## TASK TO CARRY OUT
Copy out all of the lines below exactly; the pictures do not belong in the copy.

## PROVIDED DATA
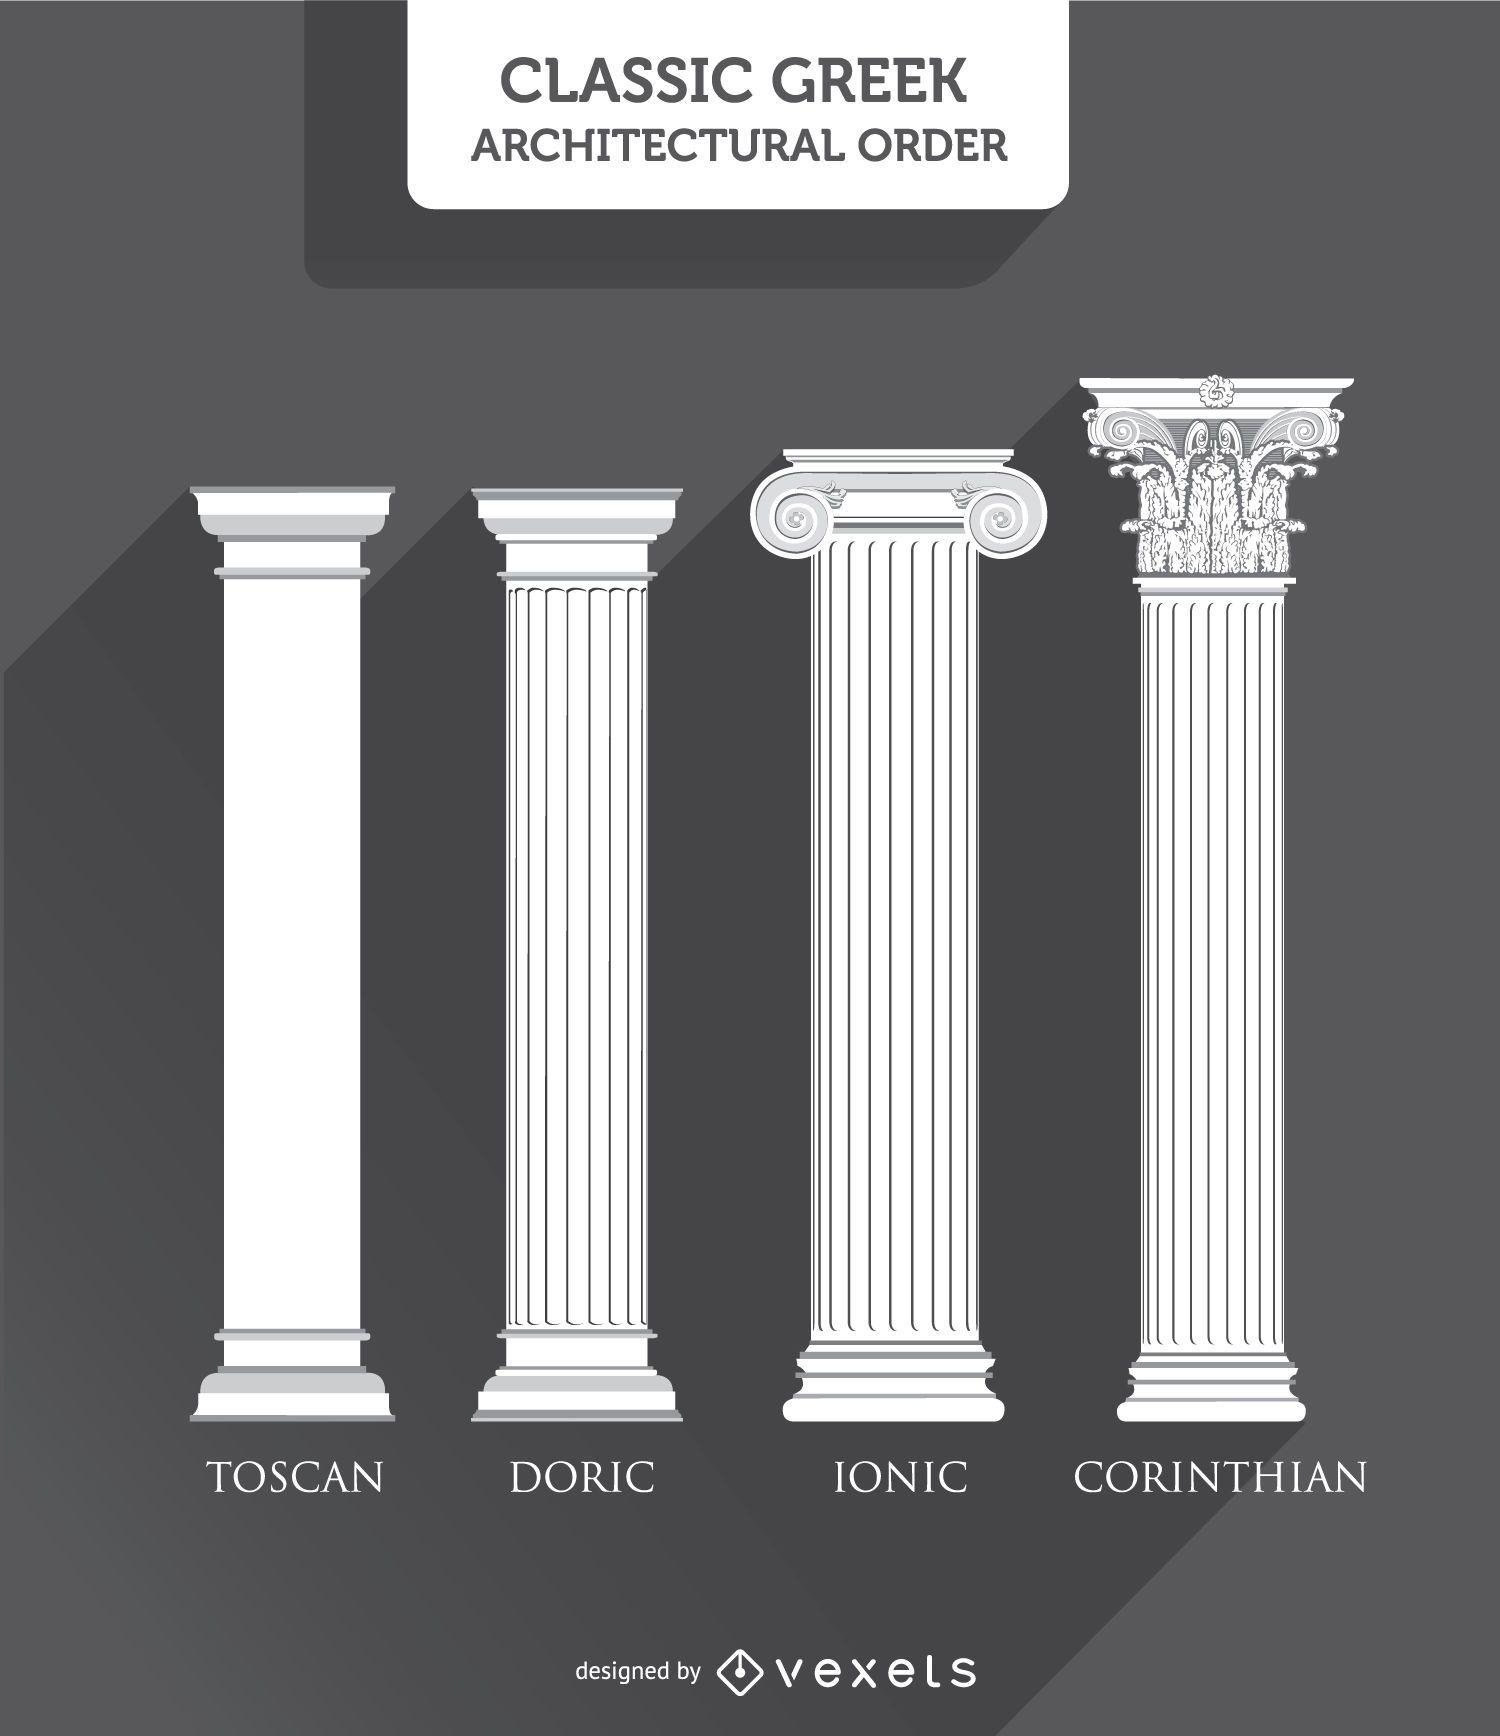 Greek Columns Styles Toscan Doric Ionic And Corinthian
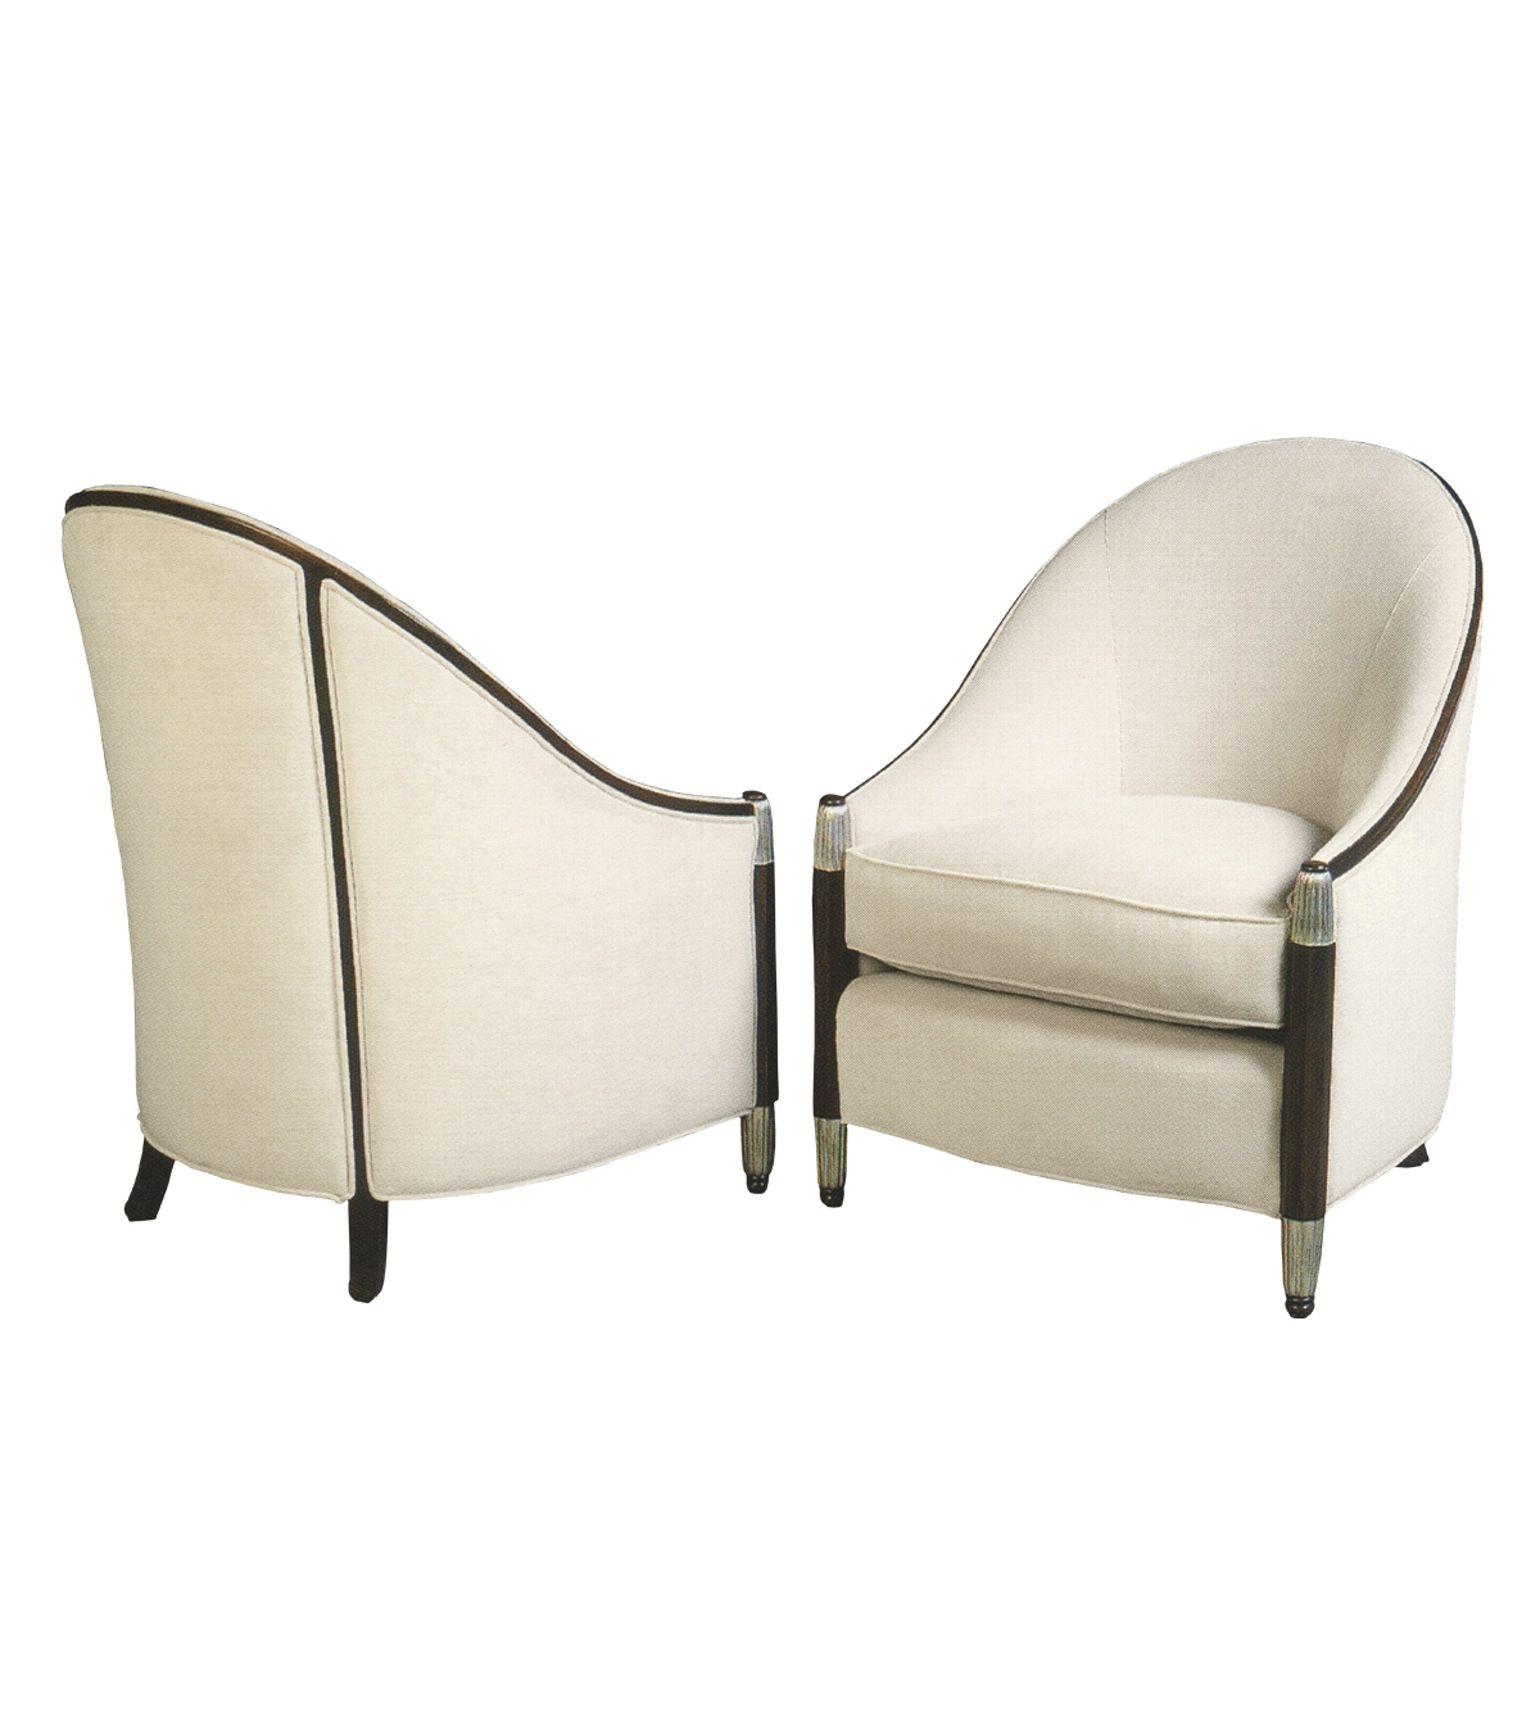 Attrayant Art Deco Lounge Chair
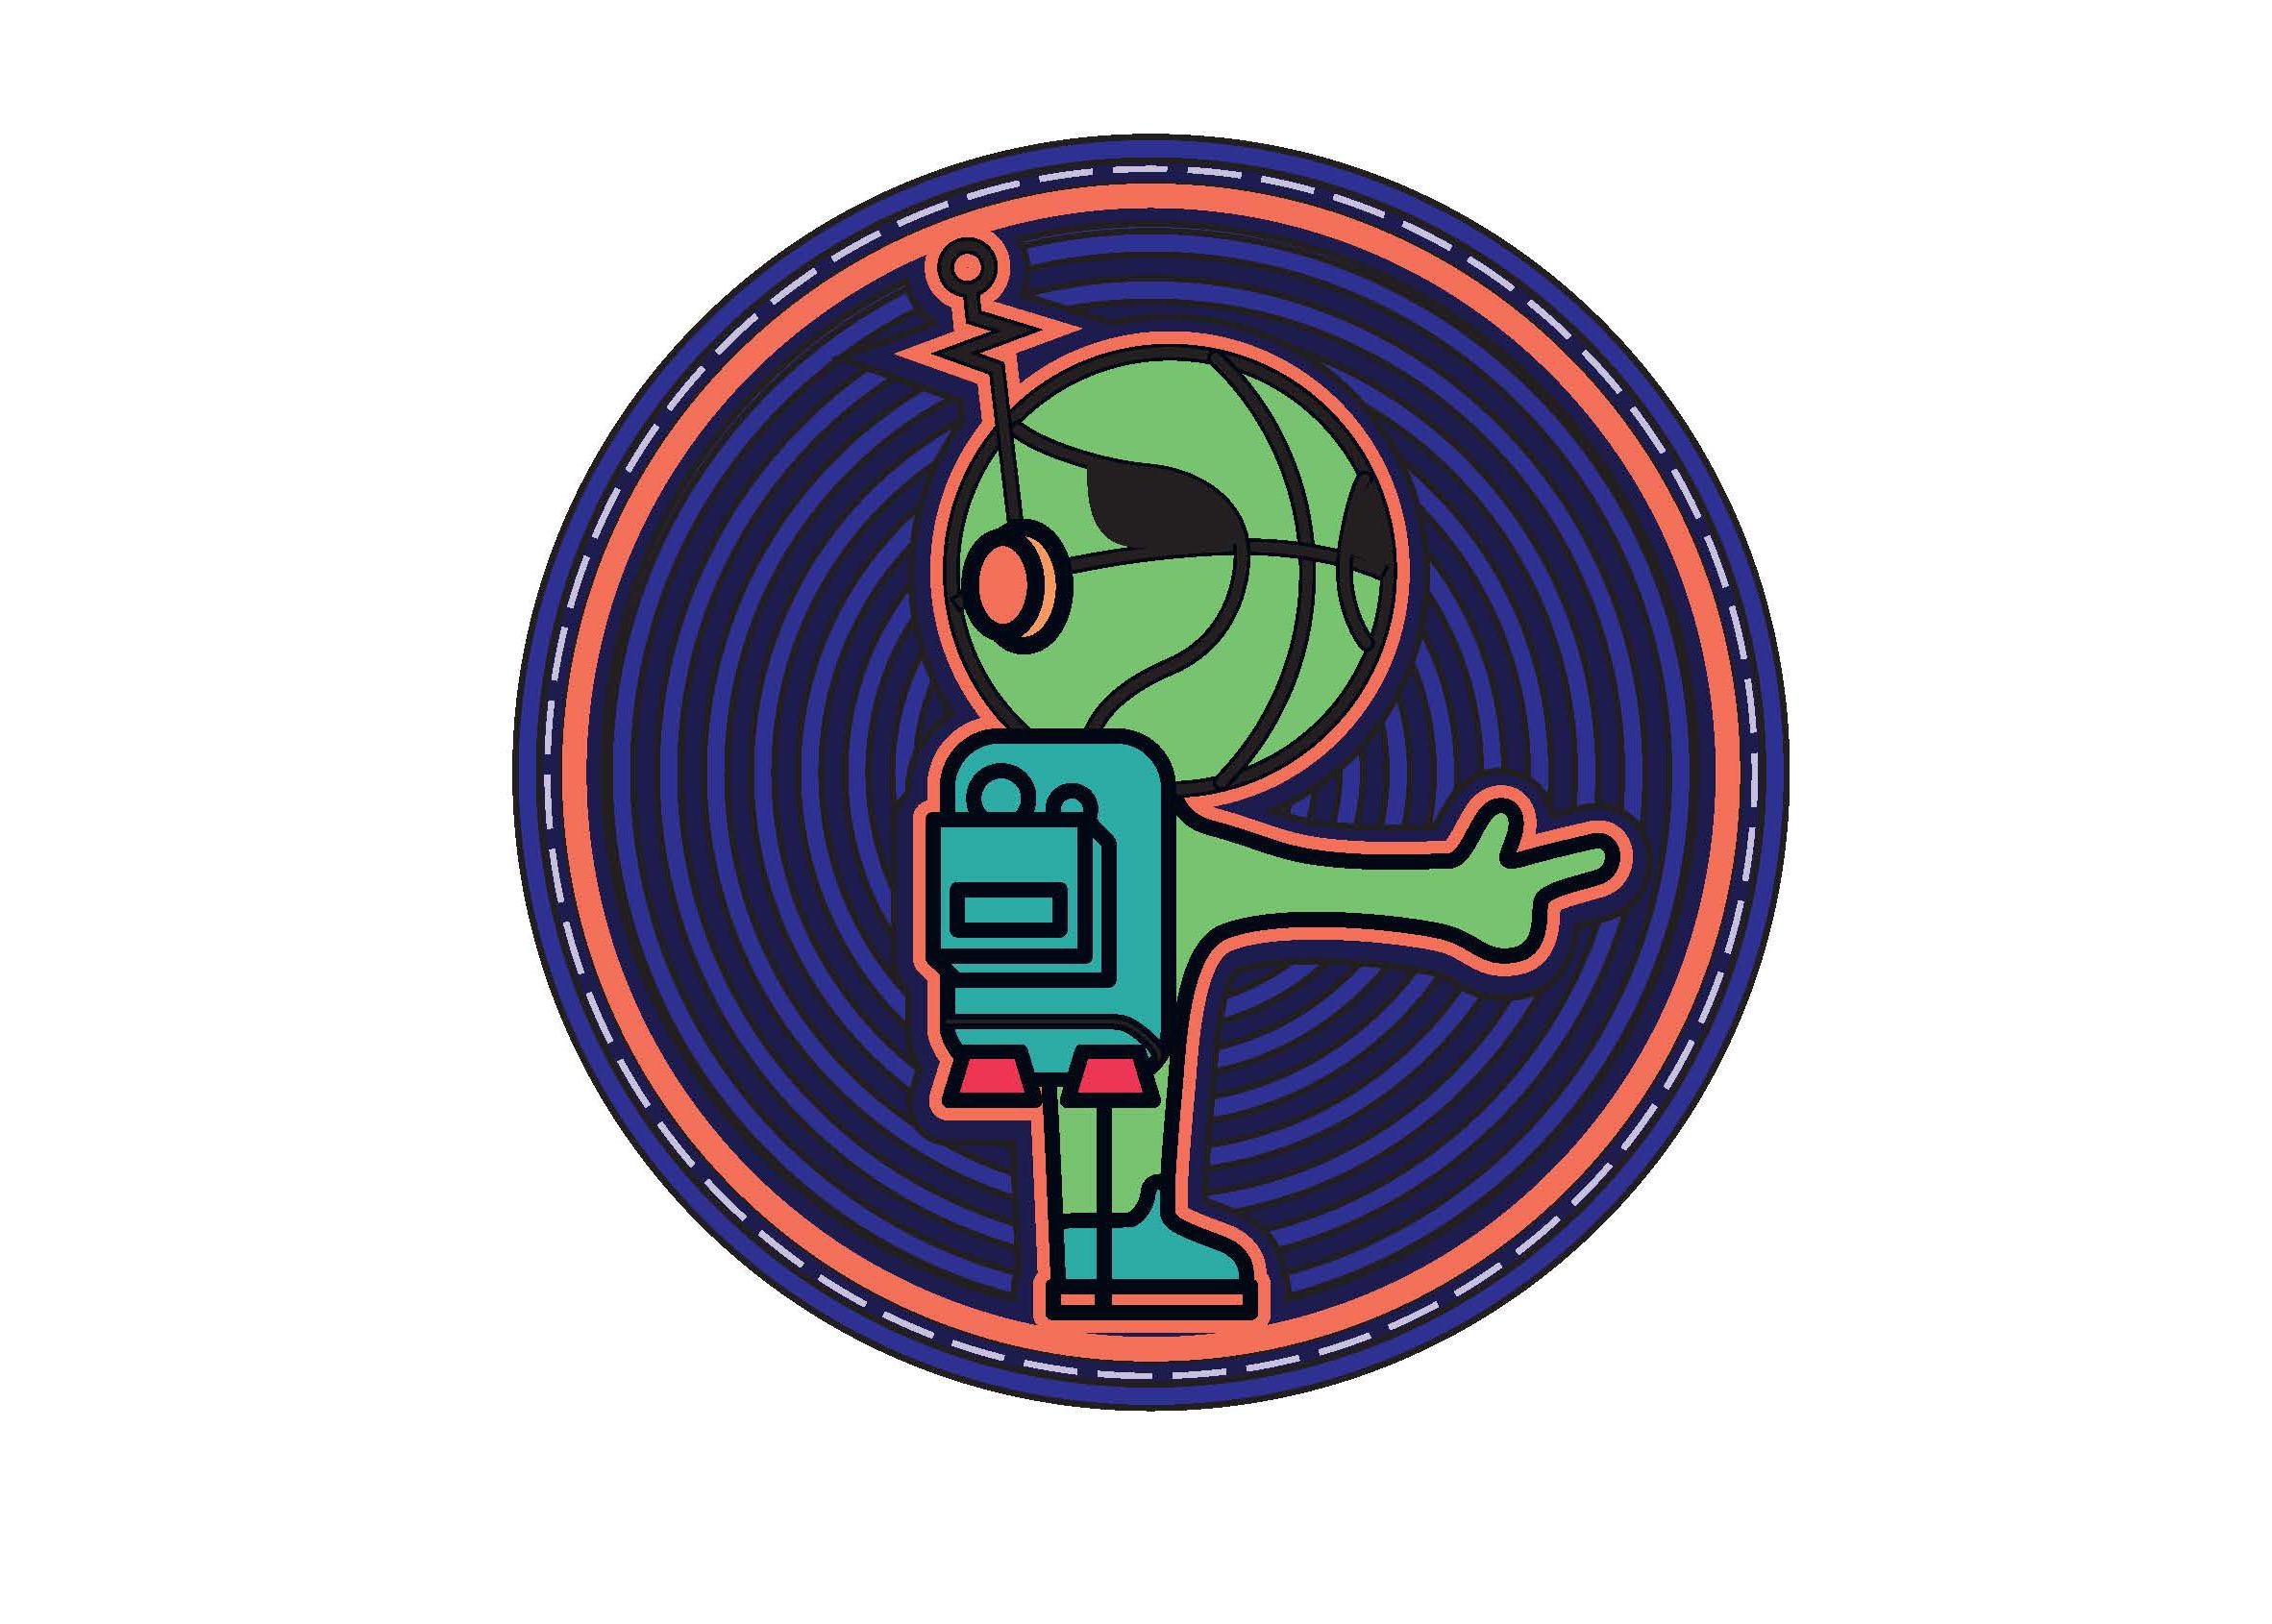 Nike Designer Discusses Remaking Famed Alien Logo Raygun

## SOLUTION
 Greek Columns Styles Toscan Doric Ionic And Corinthian
 Attrayant Art Deco Lounge Chair
 Nike Designer Discusses Remaking Famed Alien Logo Raygun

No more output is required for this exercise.